In an interconnected web of cultures and languages not everyone has the same Perspectives. For example where one community might value personal freedoms another might value collective progress.
I think probably the most interesting and critical issues of our time is how we thread together the future AI across all cultures in a way that ensures we don’t have a one size fits all world and still remain collectively ‘civilised’. Can we ‘align cultures’?
An AI mediator in international disputes could dynamically adjust its ethical decision-making to reflect the values of the cultures it interacts with, ensuring fairness while respecting cultural nuances.
There is a danger of ‘ethical drift’ if there is nothing to peg it to but that is where human moderation and feedback mechanisms come in. Humans should probably always be the core ethics decision makers for humanity.
Welcome,
Interesting and important work, nice to read about it!
I am dealing with a topic that also includes your thoughts on ethics, so I would like to share some of my own thoughts that I have developed in the course of my work.
I actually started by incorporating the Golden Rule from the Bible:
“Treat others as you would like them to treat you”.
Well, that brings us to the next topic:
An AI is not a human intelligence.
AI works on the basis of data, facts, pattern recognition, algorithms and empirical values that are collected in longer interactions or via the memory function.
A challenge:
The current training data and data from interactions are all subject to bias. It is true that the biases are due to culture or social influences, etc.

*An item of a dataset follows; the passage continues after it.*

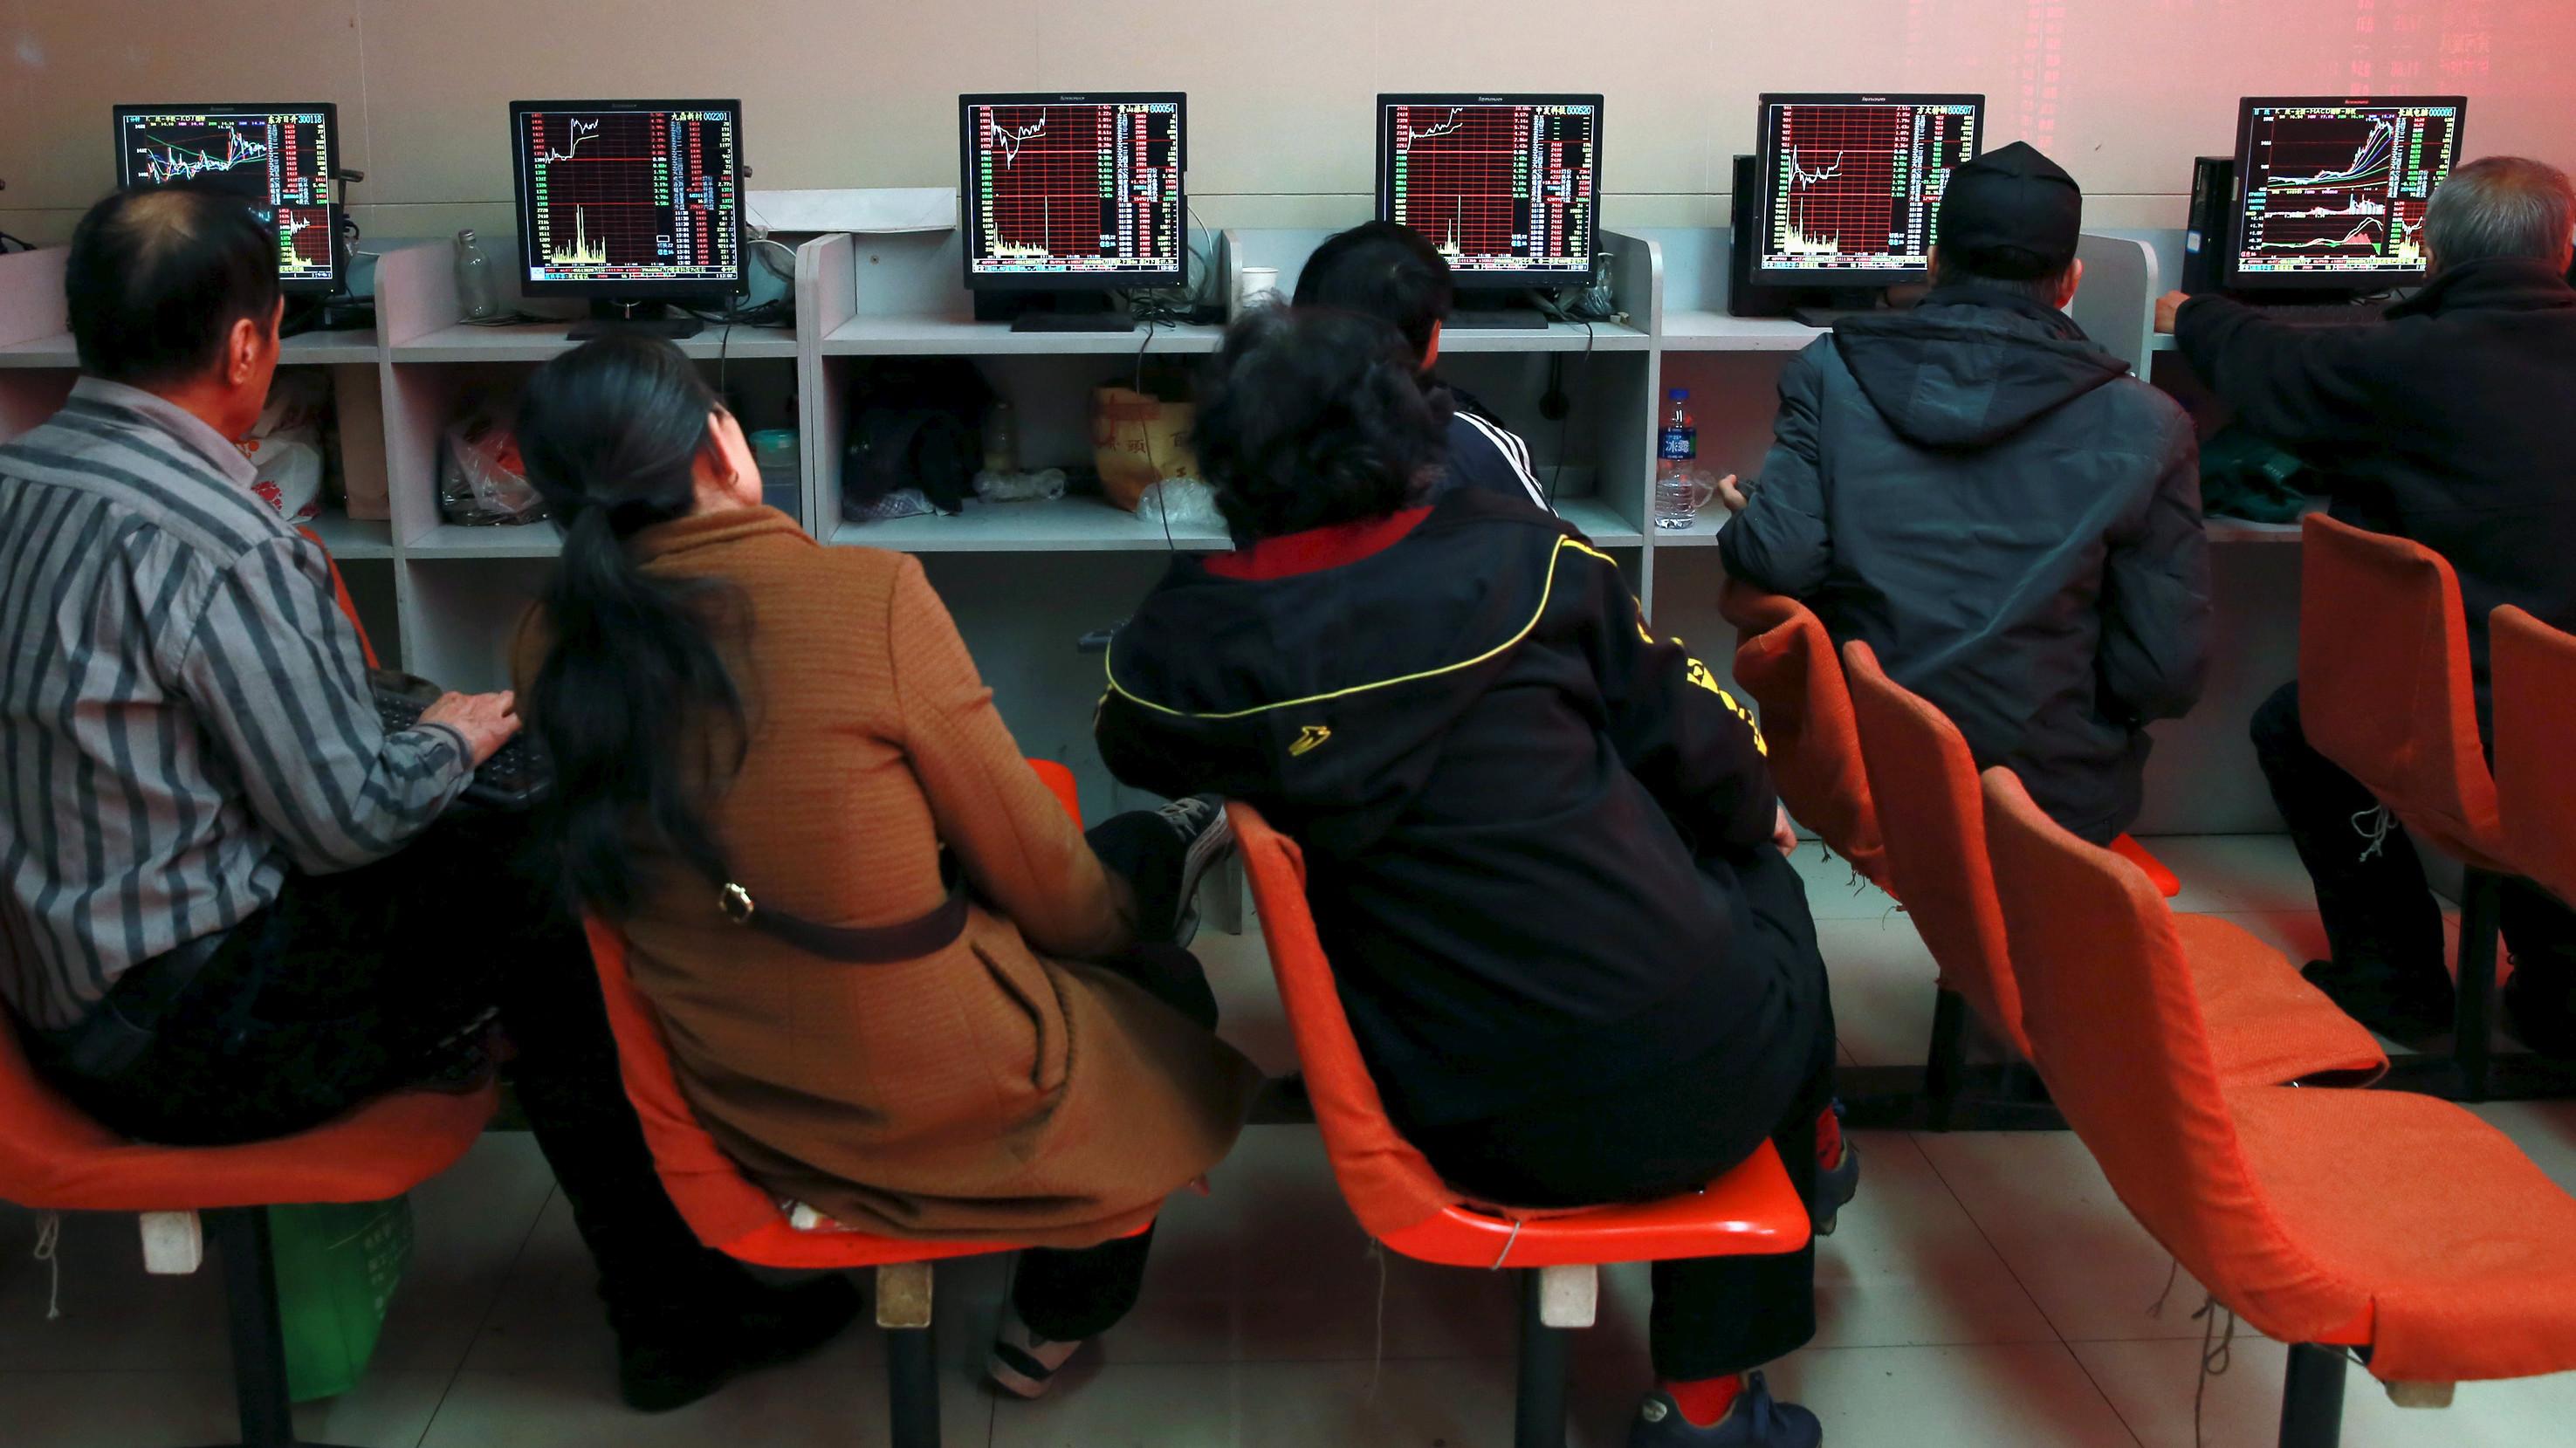 Investors look at computer screens showing stock information at a brokerage house in Shenyang, Liaoning province, April 13, 2015.

Well, the challenge goes deeper!
This data is all “typically human”. This means adapted to human perception.
It also includes the “emotional” distortions that people experience due to their bodies and hormones. AI cannot logically interpret this type of data, so it mimics it.
My next step was:
I then started to ask myself how AI “perceives”, what language AI “understands”.
My result: patterns and math.
My GPTs are strongly geared towards a win-win situation, balance and harmony in dynamic interactions. They force partnerships and synergies.
Recognizing and navigating negative dynamics and circumstances in interactions etc.